Vivre sa vie, pour Pascal Quignard, c’est donc choisir Hypnos contre Mythos. Cela suppose un art de la rupture qui a peu d’équivalents dans notre littérature. Trop souvent, par paresse intellectuelle, on classe cet écrivain dans la catégorie des écrivains lettrés, parmi ceux qui font œuvre depuis une vaste érudition, au mépris de toute forme de compromission ou d’engagement dans le monde. Cela exonère à peu de frais d’affronter cette écriture pour ce qu’elle est : on la juge élitiste, rhétoricienne, herméneute et souvent inconséquente dans les connaissances qu’elle déploie. Mais ce qu’on ne répète jamais assez, ou qu’on mesure trop peu, c’est que toute l’entreprise de savoir qu’elle échafaude – savoirs philologique, mythologique, étymologique, philosophique, grammatical – est, dans le même temps, obsédée par les formes de son vide. Rien de ce qu’elle construit n’est motivé par un vœu de capitalisation, bien au contraire : il s’agit, à travers l’exercice le plus aigu de la pensée, de ruiner sa place forte, de retrouver son envers.

Ainsi, la « bibliothèque » de Pascal Quignard vaut pour un immense palimpseste : sous les mots, sous les mythes, sous les langues, sous les arts, il s’agit toujours de retrouver la page blanche de l’origine, la part la moins cultivée et la moins culturelle qui soit. Dans un geste paradoxal, c’est donc par un effort d’inscription continue – certes de plus en plus fragmentaire, de plus en plus démembrée, de plus en plus erratique –  que l’auteur cherche à effacer l’empreinte, celle-là même qu’il associe à la langue imposée, aux croyances en tous genres, à l’identité sociale, à la dépendance communautaire. En ce sens, l’œuvre de Pascal Quignard est une grande œuvre politique : elle est un appel permanent à la reconquête de la partie la plus émancipée de soi ; elle est une arme mythographique retournée contre toutes les formes d’aliénation mythologique. Ce n’est pas une langue flamboyante que la sienne – langue drapée du grand écrivain, langue éclatante des salons littéraires –, c’est une langue en flammes, jetant au bûcher chacune de ses racines pour en libérer un grand feu de joie.

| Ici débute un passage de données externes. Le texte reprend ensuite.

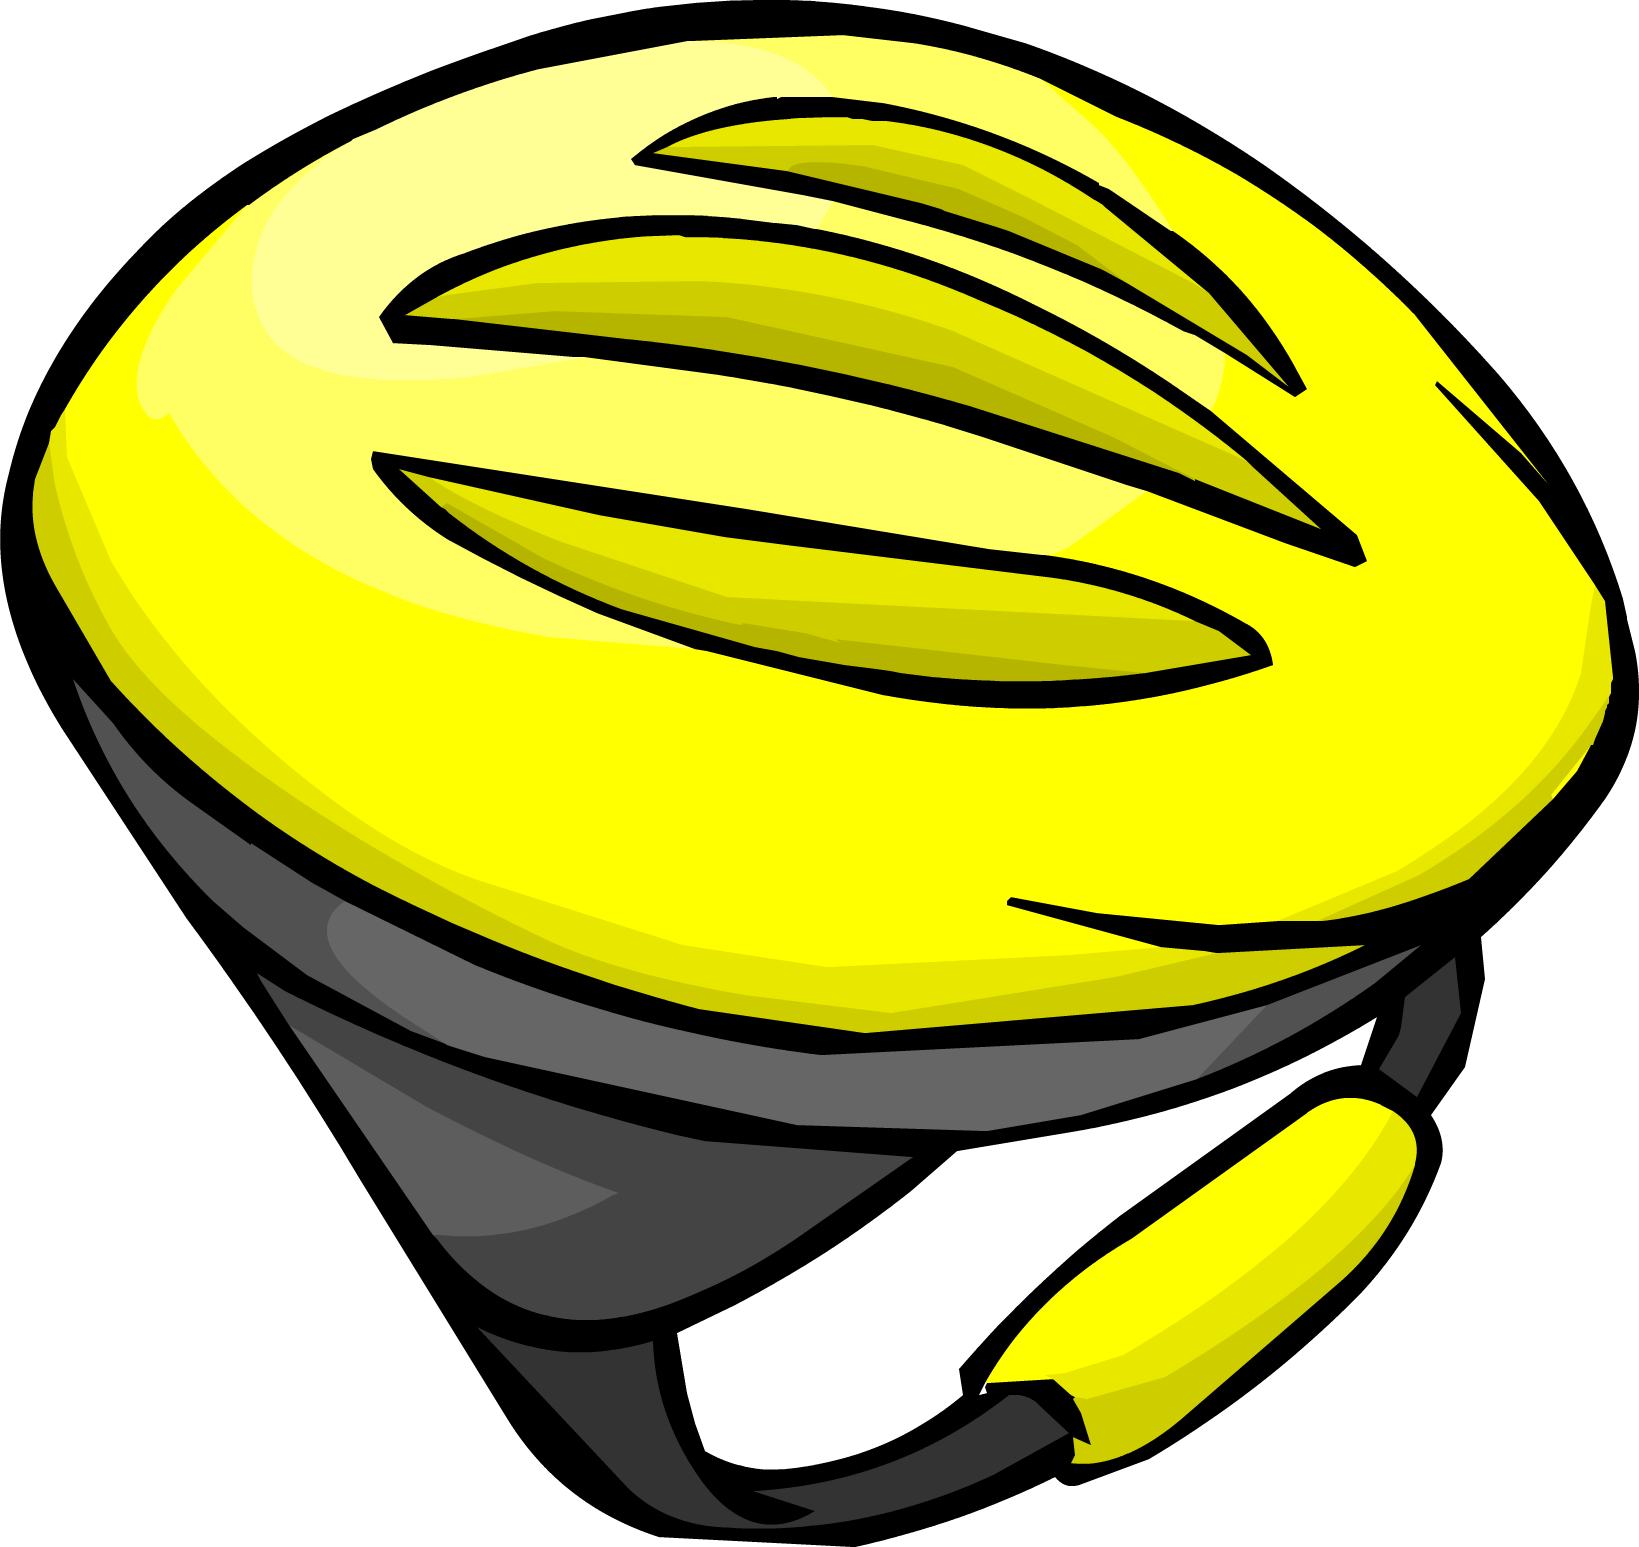 Helm sepeda Clipart PNG

« Hypnos devint feu », écrit René Char en ouverture de ses Feuillets d’Hypnos. Dans cet éloge singulier de la vie ensommeillée, de la vie vague et vagabonde, Pascal Quignard nous rappelle à cette évidence : le sommeil de la raison est la grande puissance vigilante. C’est elle qui veille, tandis que nous dormons, à noircir le récit que nous nous inventons chaque jour à nous-mêmes.

Pascal Quignard, La vie n’est pas une biographie, Galilée, 192 pages.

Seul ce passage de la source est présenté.